I introduced this idea to the students this week, so we’ll see how it goes. And this post is getting pretty long, so I’m going to sign off and grade some essays now. Your suggestions are appreciated.

5 Comments:

  • At Wed Sep 13, 09:50:00 PM 2006, Blogger Karl Fisch said…

    Okay, I'm too tired to think about this as much as I should right now, but you've given me a lot to think about. I will try to find time to return later to comment some more.

    I do have two initial thoughts/impressions/questions.

    1. How important is the grading aspect of this to you? Are you equating grading with feedback, or is it separate in this case?

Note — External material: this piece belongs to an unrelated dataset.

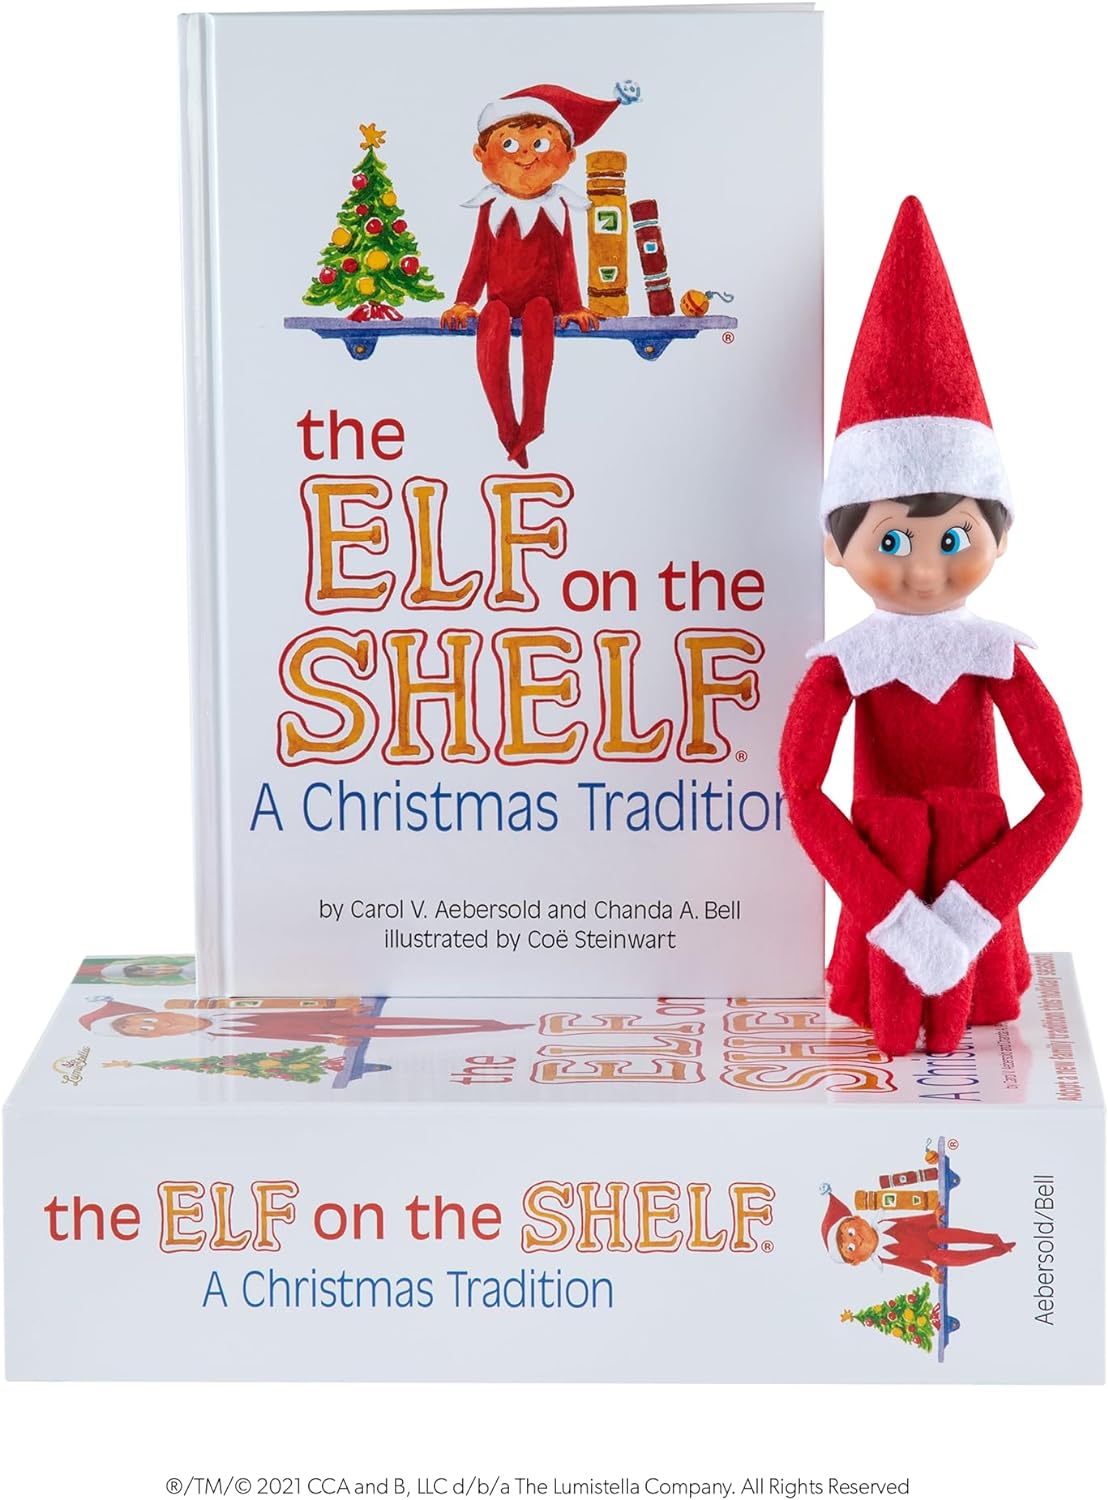 The Elf on the Shelf: A Christmas Tradition - Boy Scout Elf with Blue Eyes - Includes Artfully Illustrated Storybook, Keepsake Box and Official Adoption Certificate

    2. It still seems fairly complicated to me, but maybe I'm just too tired to think straight about it. Do you need this complex of a system in order to help your students learn, grow, and think critically? Or is the system (multiple meanings of that word) getting in the way?

    Okay, I lied, I have a third question. 18%? Not 17, or 19? How? Why?

     
  • At Thu Sep 14, 07:27:00 AM 2006, Blogger T Sale said…

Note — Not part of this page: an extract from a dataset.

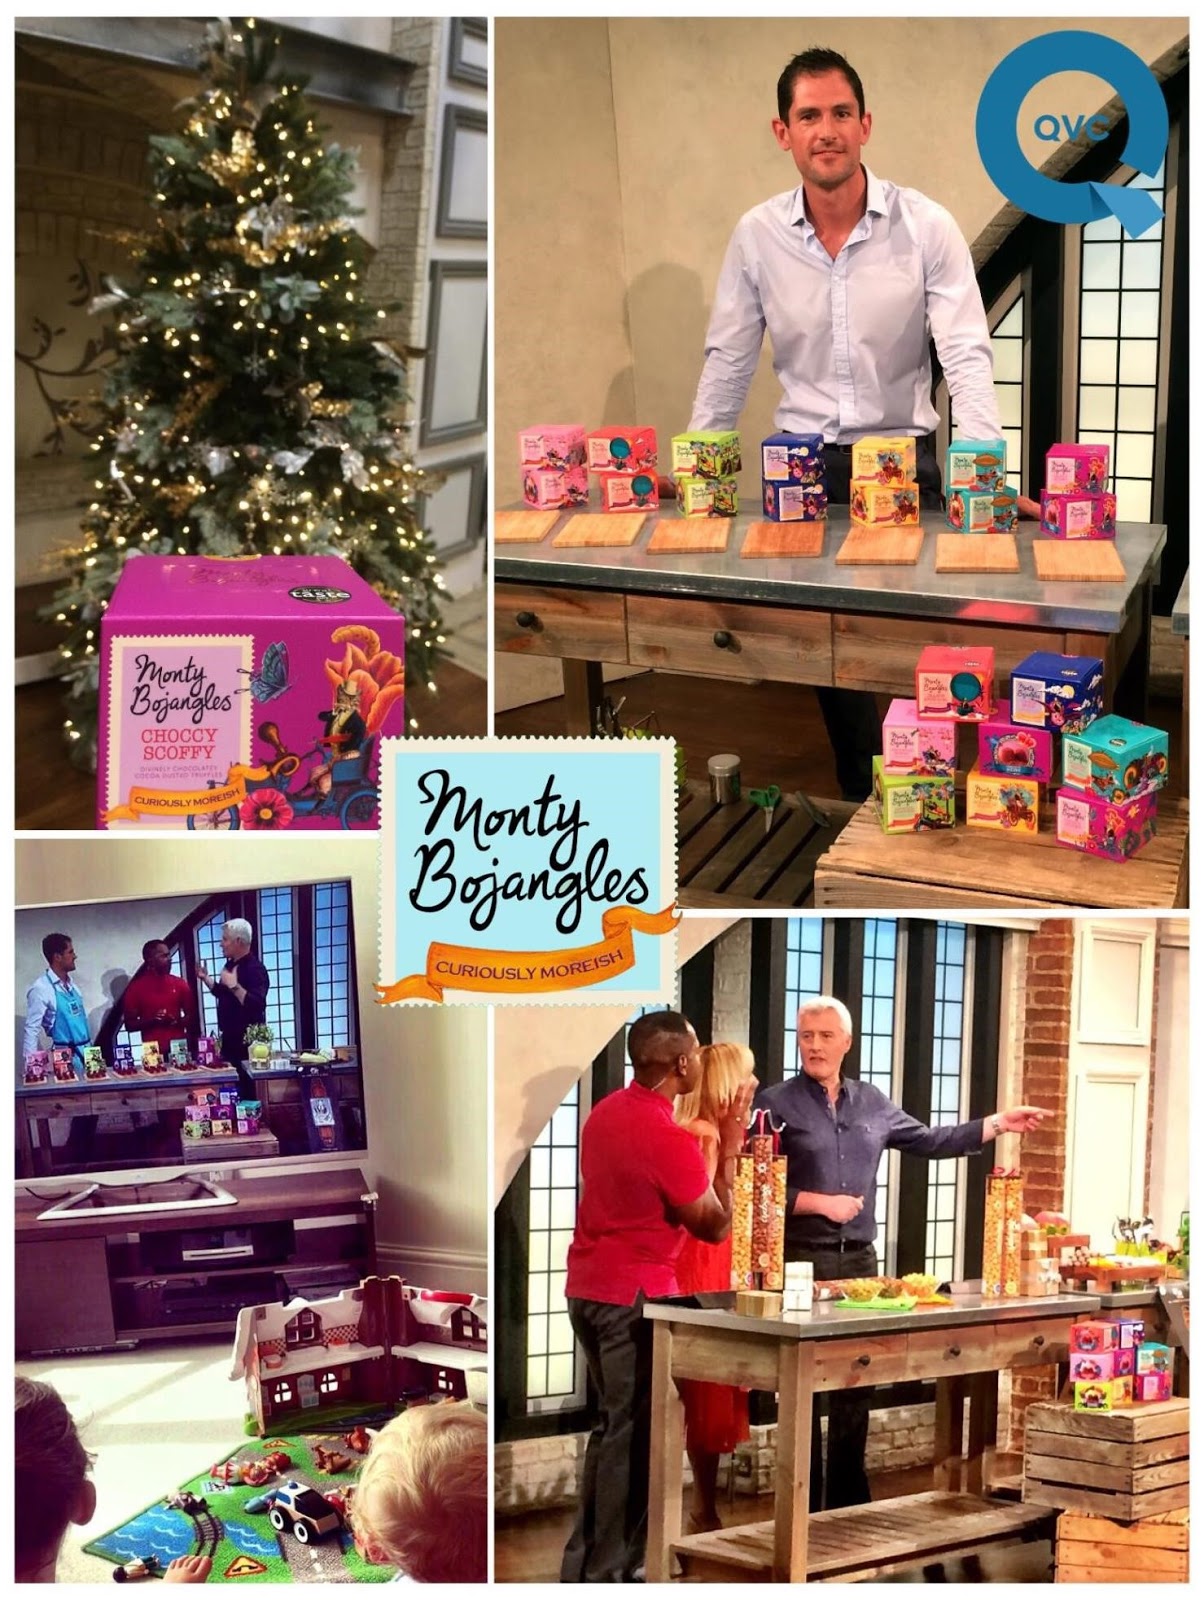 14 Qvc In The Kitchen Monty Bojangles steps into the QVC Kitchen with Andi Peters Dale  Qvc,In,The,Kitchen

    In answer to the third question first, 18% because originally I had 5 categories worth 20% each, but then I decided to have a separate category worth 10% for the final exam and stole 2 points from each category; thus, 18%.

    As far as the other 2 questions, I need to think about them. I think my compulsiion to grade thinking came from the notion that anything important should be assessed. But you made me think -- what if I just went on giving feedback on the students' thinking...I guess in my old-fashioned teacherly mind, I'm thinking it's going to be more important to them if they know they're being graded on it. But I need to think about this more.

     
  • At Thu Sep 14, 09:34:00 AM 2006, Blogger T Sale said…

    And by the way, Karl, I lied too. I said I was going to grade essays last night, but I never did. I just read a book and went to bed.

     
  • At Thu Sep 14, 08:36:00 PM 2006, Blogger Karl Fisch said…

    I think that's fine - depending on the book. What was it?

     
  • At Mon Sep 18, 12:21:00 PM 2006, Blogger lgaffney said…

    I'm actually part of that pilot this year and doing something similar. My most heavily weighted category is called "Reading Analysis and Application", which is basically the same as your thinking skills category. Reading analysis and application has become a separate section on each rubric I create and I feel like (minus all the extra accounting) it has been fairly successful. For example, on my take home exam, one section of the rubric says "Student demonstrates the ability to use the inductive process in order to arrive at meaning. He or she uses textual cues (characters, symbols, imagery, motifs, setting) in order to create a well-defended response which answers all aspects of each question and demonstrates understanding of text". I don't know how explicit that is to the kids, but at least they know what the ultimate objective looks like. I only assess them on this on more formal assignments though--I started doing it on all assignments and it was a nightmare! I don't know if this is at all helpful, but just thought I'd share!